The cuneiform character #\U+12000 isn't any different from
the other characters in that string; it's not a CL:STANDARD-CHAR,
but it is a CL:BASE-CHAR in OpenMCL.  We can treat it pretty
much the same way that we'd treat other CHARACTERs: we can store
it in strings, ask for its CHAR-CODE, and use CL character functions
on it.

[Aside: it is true that some of those CL character functions might give
meaningless results.  (CL:CHAR< a b) is defined to be true exactly
when (< (CHAR-CODE a) (CHAR-CODE b)) is true, and even if that's
well-defined, just about any set of assignment of character-codes
to characters will give answers that are meaningless/useless for
some characters in some locale(s).  I don't know if the concept
of alphabetic case applied to cuneifrom, but it does apply to
other characters that aren't STANDARD-CHARs.  Even if CHAR-UPCASE
and CHAR-DOWNCASE were extended to apply to all applicable Unicode
characters, there are ... cases ... where STRING-UPCASE/STRING-DOWNCASE
would need to change the number of characters in their arguments in
order to comply with local conventions, and it seems that we need
a set of character/string functions that are "useful" and not necessarily
equivalent to CL character/string functions.

It's also the case that some characters are intended to be "composed
with" adjacent characters (or are the results of such composition.
One may need to be aware of this in certain contexts, but I don't
think that it's any more meaningul to think of two adjacent combinable
characters in a string as being "one character" any more than it is
to think of a carriage return followed by a graphic character as being
"one character", even though the effect of rendering those characters
might be identical to the effect of rendering a single character.]

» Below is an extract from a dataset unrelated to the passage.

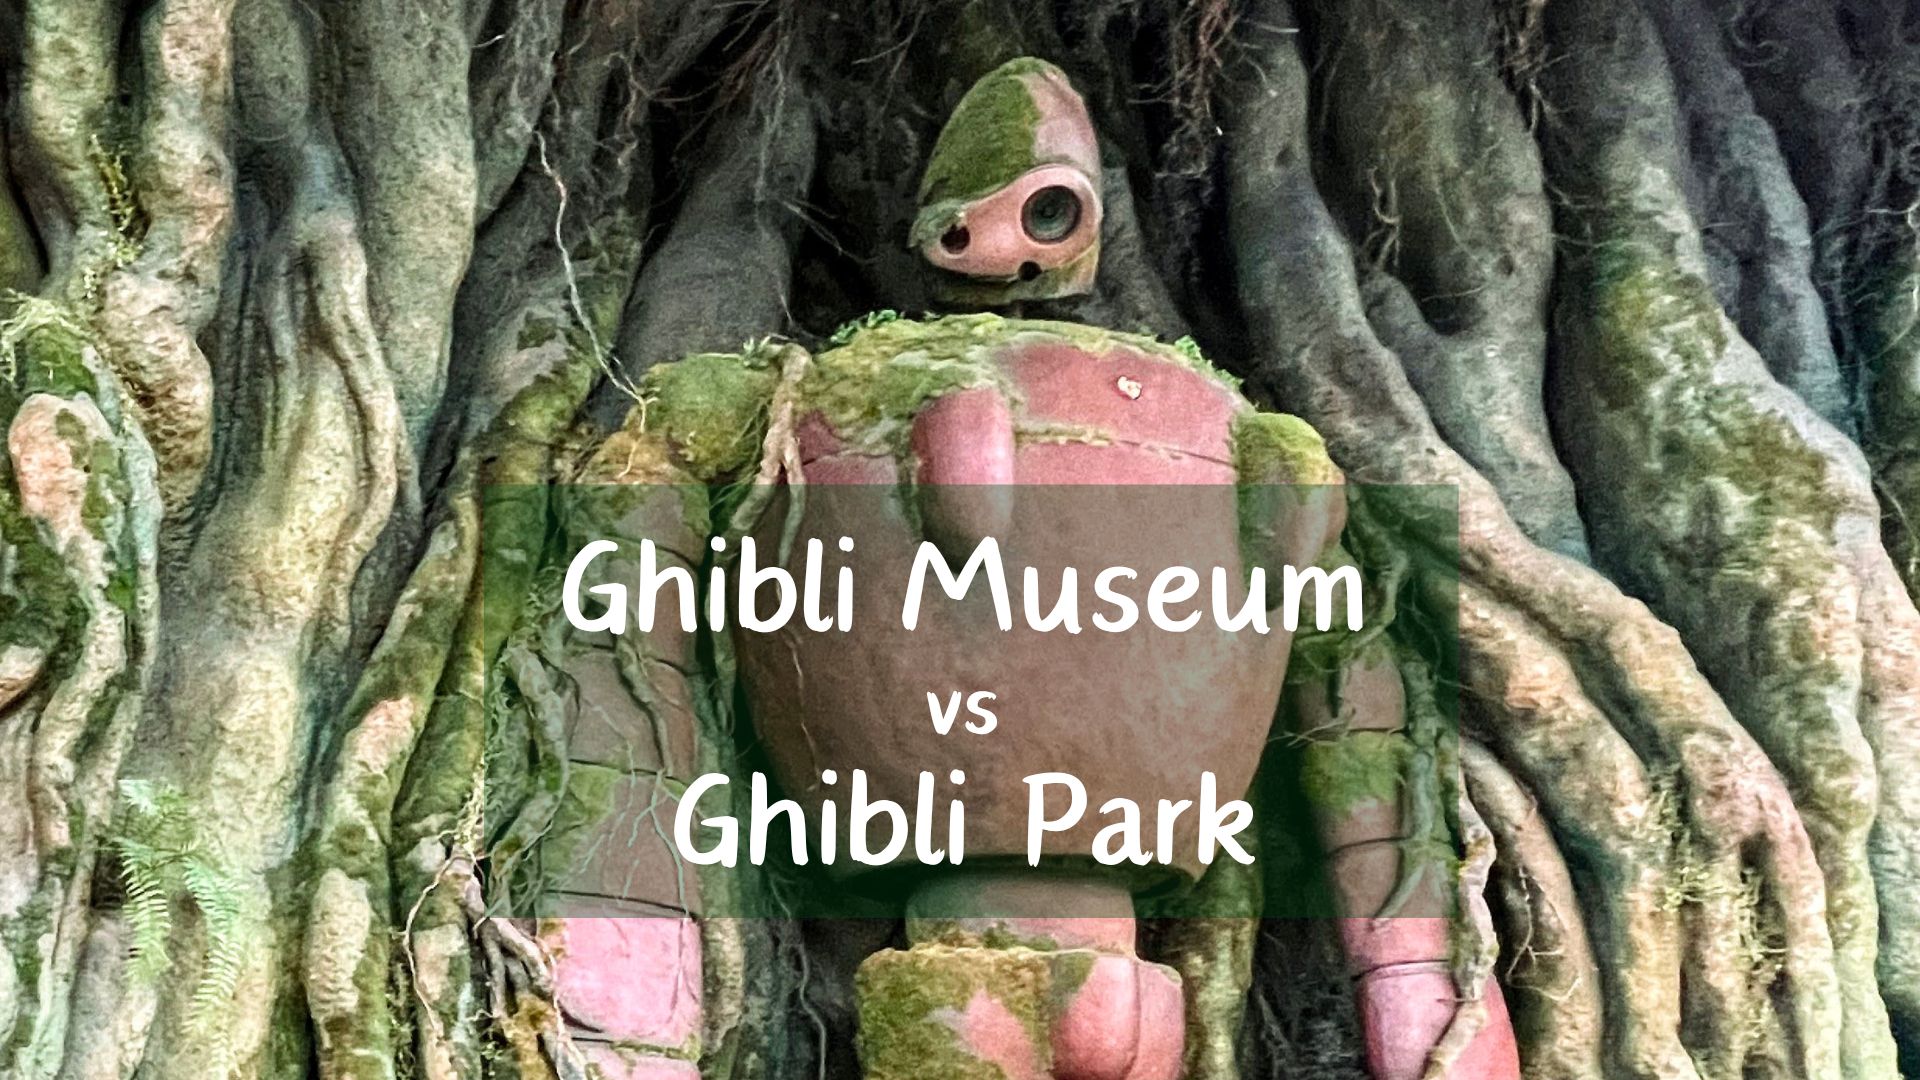 Ghibli Park vs Ghibli Museum, which is better? Studio Ghibli attractions in Japan, Visiting Ghibli Park vs Ghibli Museum, which should you visit? Laputa

Back to Sumero/Akkadian: the fact that we can treat this character
(#\U+12000) as a first-class object is related to the decision to
make CHAR-CODE-LIMIT #x110000 and to use UTF-32/UCS-4 "encoding"
internally (e.g., 32-bit strings.)  [As another aside, it's not
completely out of the question to use a 24-bit string representation,
lessening the memory impact a bit.]

If OpenMCL were to use UCS-2 internally (recall that UCS-2 is basically
a subset of UTF-16 that doesn't use surrogate pairs), we would have no
way of communicating in cuneiform (or at least no way of being understood
by other programs if we did so.)  We would still have a well-defined
notion of a what a CHARACTER was, and we could still access and modify
STRINGs in constant/unit time.  It'd be slightly easier to copy UCS-2
strings to external UTF-16-encoded memory than it is to copy 32-bit
string, but I really, really think that this is fairly far down the
list of considerations that should affect the decision of how characters
and strings are represented internally.   This scheme would take about
half the memory for strings as the current scheme does, and I do think
that that's an important consideration.

Suppose we were to instead say that - formally or not - these 16-bit
strings were really UTF-16-encoded; we could allow the use of
surrogate pairs inside 16-bit strings.  If we did this "informally",
functions like SCHAR would either return true CHARACTER objects or the
high or low half of a surrogate pair.  Since we aren't inventing a new
language, the values returned by CHAR and SCHAR would have to be
CHARACTERs, even though they aren't "real": we can't ask ICU or
anything else what the uppercase version of such a pseudo-character is
in some locale.  (This situation is pretty much exactly like what you
get with CFString/NSString's characterAtIndex: operations: sometimes,
those functions return characters and sometimes they return halves of
surrogate pairs.)  Does anyone really look at something like this and
not see a mess (where the best way to avoid the mess is to only use
the intersection of UCS-2 and Unicode ?)  To be fair, a lot of
whatever mess one sees there is probably there for backward
compatibility; I'm sure that NextStep supported Unicode for a long
time in the days when all Unicode characters fit in 16 bits, and
changing things will break existing code.  In the modern
(Sumero/Akkadian) world, there are different constraints and issues.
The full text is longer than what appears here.